Alongside metals, PFAS (per- and polyfluoroalkyl substances) have become another major concern. These synthetic compounds are used for absorbency and stain resistance — but they don’t break down easily, earning the name “forever chemicals.”
They accumulate in soil, water, and the human body, and have been linked to reproductive issues, thyroid disease, and immune dysfunction. California recently became the first state to ban PFAS in menstrual products, while New York is pushing for broader restrictions that include heavy metals and hormone disruptors.
These international shifts signal a clear message: the world is moving towards stricter, transparency-first regulation — something the UK could soon follow.
Why It Matters for Our Bodies
It’s important to remember that our world is already filled with background exposure, from air pollution, processed food, and household plastics. We all live in a chemically complex environment. The key isn’t to fear every product but to understand which exposures matter most and how to minimise them.
Menstrual products are unique because of their intimate and repeated contact with the body. Even trace chemicals can bypass the body’s natural detox systems when absorbed vaginally. This doesn’t mean every product is dangerous, but it underscores why regular, independent testing and clear ingredient disclosure are essential.
Internal vs. External Exposure: Why It Makes a Difference
One of the least understood parts of this debate is the difference between internal and external products. A pad or period underwear sits on the skin; it can only transfer chemicals through surface contact. But products like tampons or menstrual cups are inserted directly into the vagina, an environment that absorbs substances 10–80 times more efficiently than normal skin.
That’s because the vaginal wall is highly vascular, full of small blood vessels, and it bypasses the liver, the organ that usually filters and detoxifies harmful substances. So when a chemical is absorbed vaginally, it goes straight into the bloodstream.
Yet, most testing and regulation still treat all menstrual products as if exposure happens through skin contact. There’s very little research separating the risk profiles of internal (tampons, cups, discs) versus external (pads, underwear) products. That’s why scientists like Dr Schilling emphasised the need for new safety standards that actually reflect how the body interacts with these materials, not just how a fabric performs in a laboratory test.
How Responsible Brands Are Responding
Some brands are already ahead of regulation.

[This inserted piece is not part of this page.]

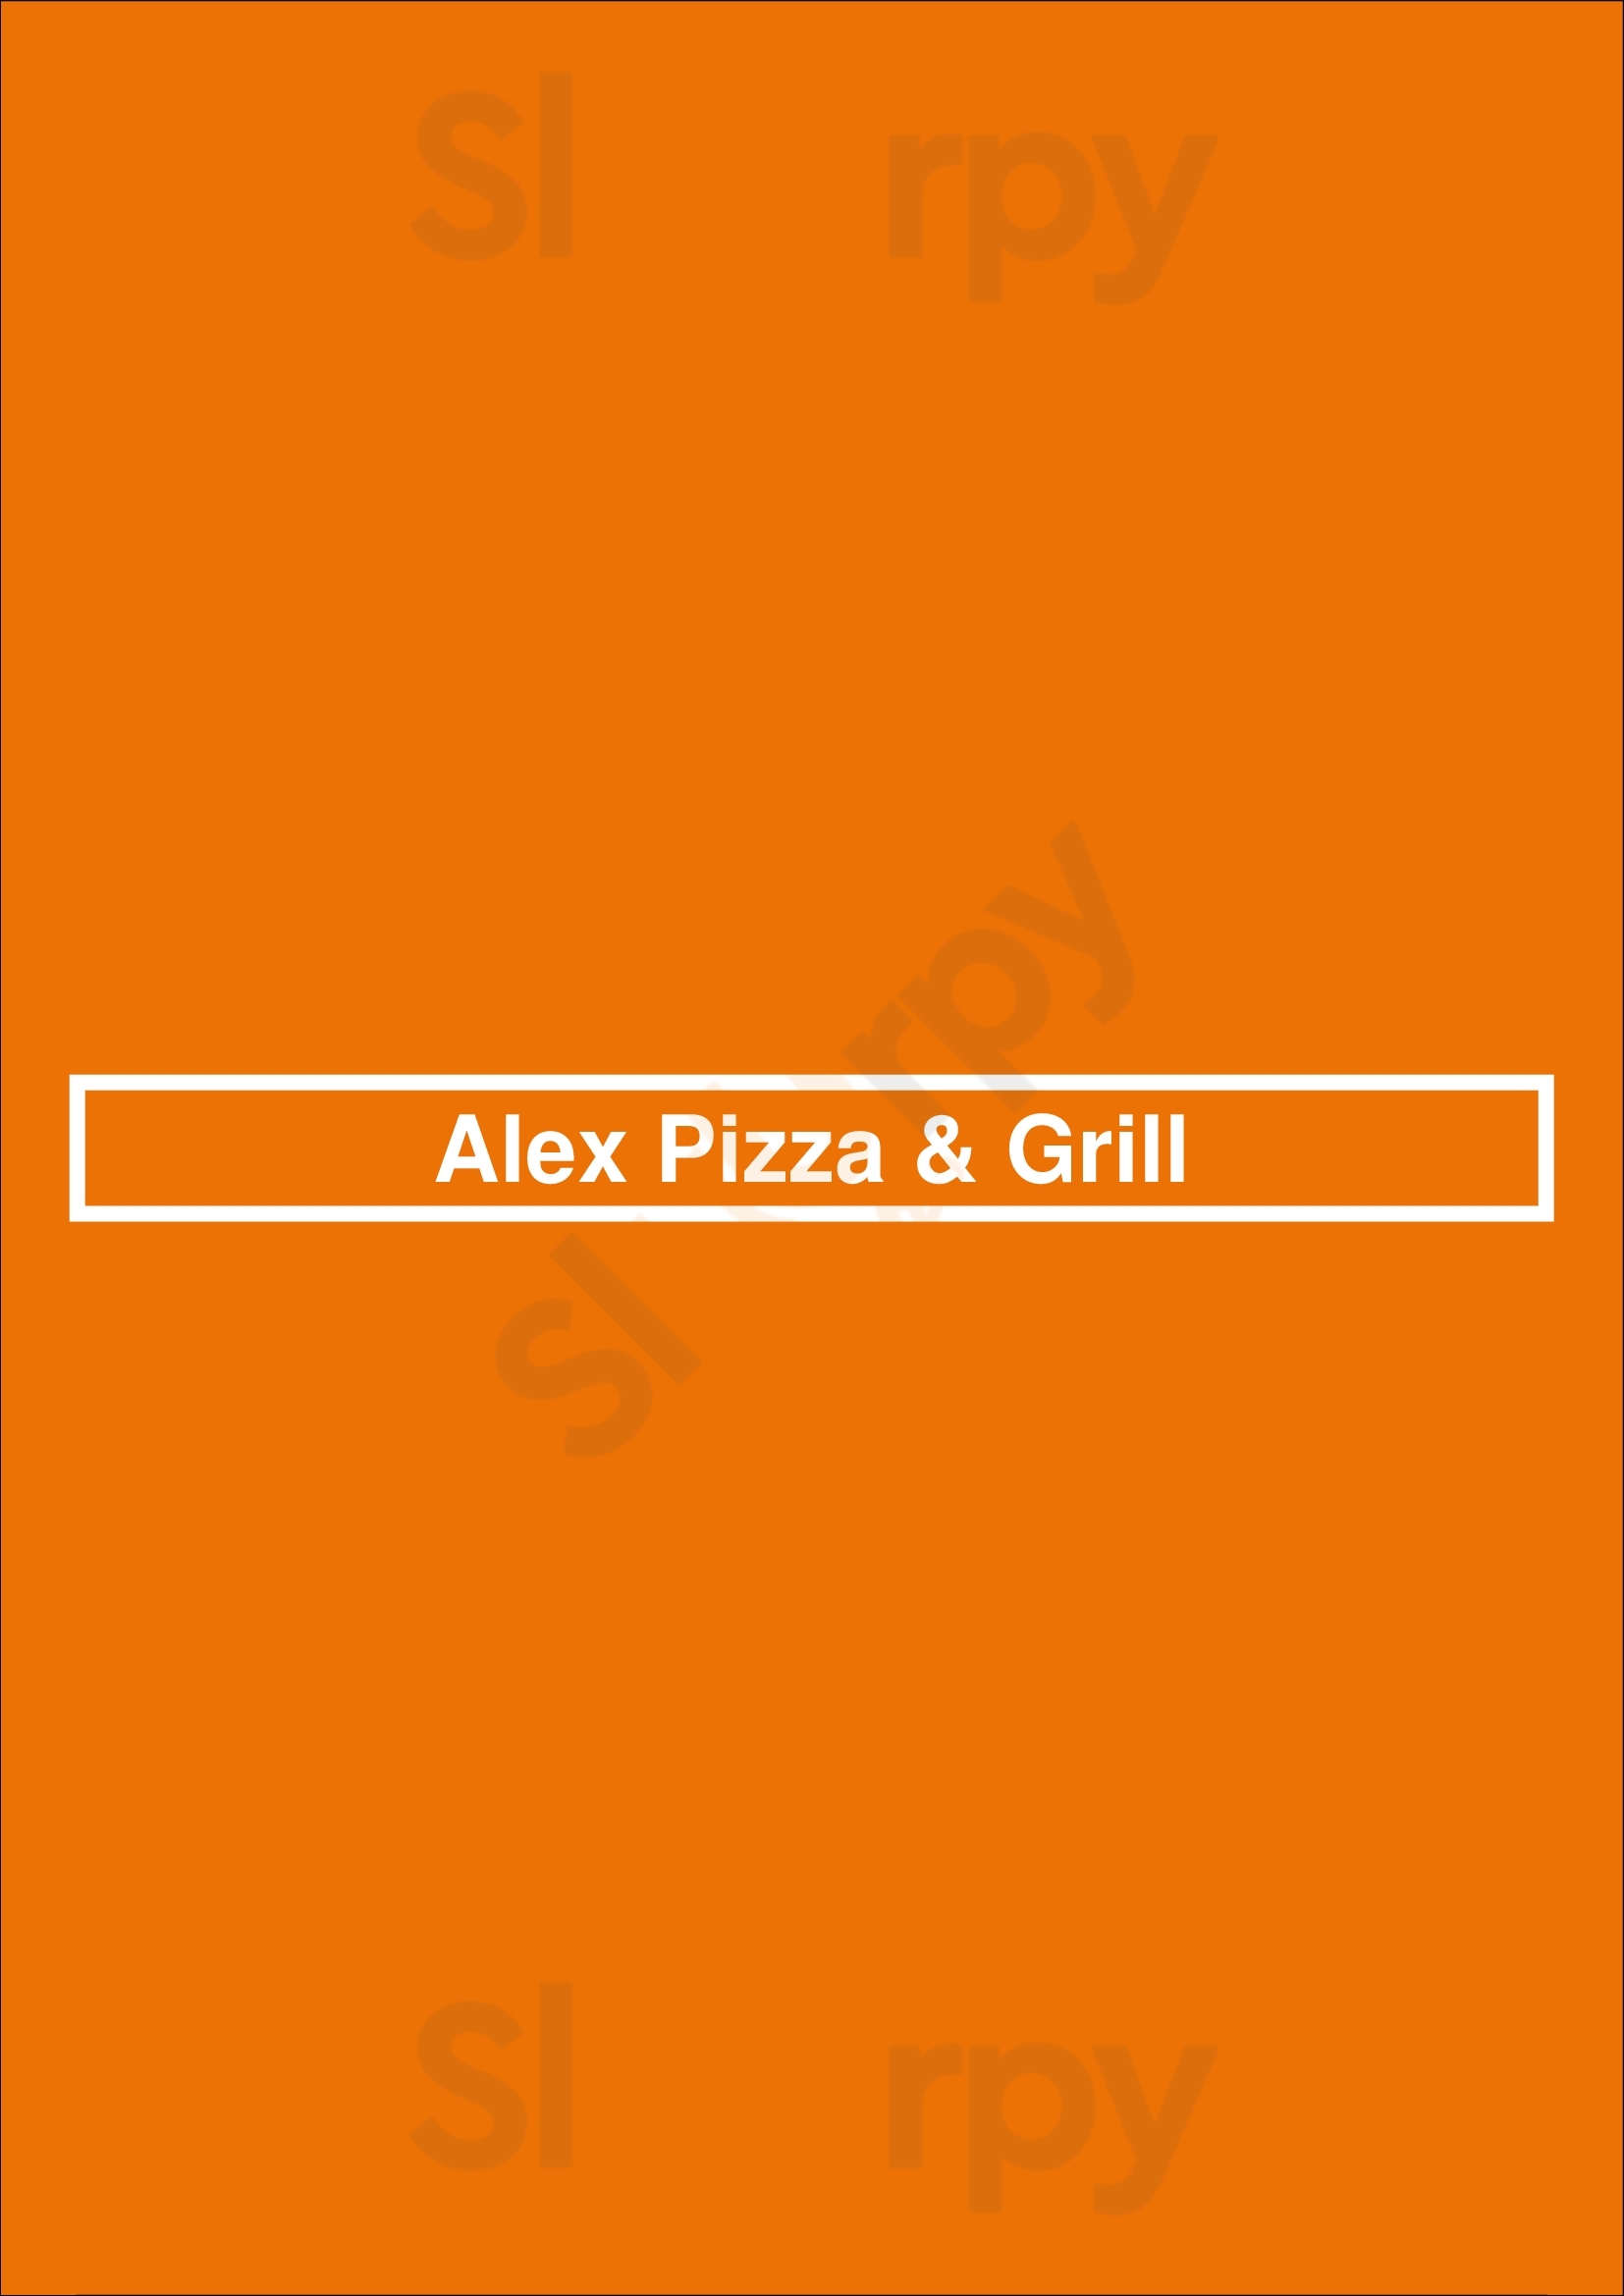 Alex Pizza & Grill Boston Menu - 1

At WUKA, we take this responsibility seriously. We are one of the very few period underwear brands with no PFAS detected in our products. Every batch is tested rigorously, both at source (in China) and again in the UK by Eurofins laboratories, an independent global testing agency.
We also screen for toxic chemicals, metals, and harmful finishes, ensuring that what touches your body is as safe as it is sustainable. As a founder, I always remind our team: I use our products myself. If I wouldn’t wear it, I wouldn’t make it for anyone else.
Our philosophy is simple, transparency builds trust. Consumers shouldn’t need a chemistry degree to choose a safe period product.
The Path Ahead
The science is clear: menstrual product safety deserves the same rigour as drinking water, cosmetics, or food. But we can also take heart, awareness is growing, data is expanding, and governments are beginning to act.
As policymakers push for international standards (through bodies like the ISO TC338 on menstrual products), and as responsible brands lead by example, the future of menstrual care looks safer, smarter, and far more transparent than the past.
This isn’t just about fear of toxins, it’s about empowering everyone who menstruates with knowledge and choice. Because understanding the science is the first step toward changing it.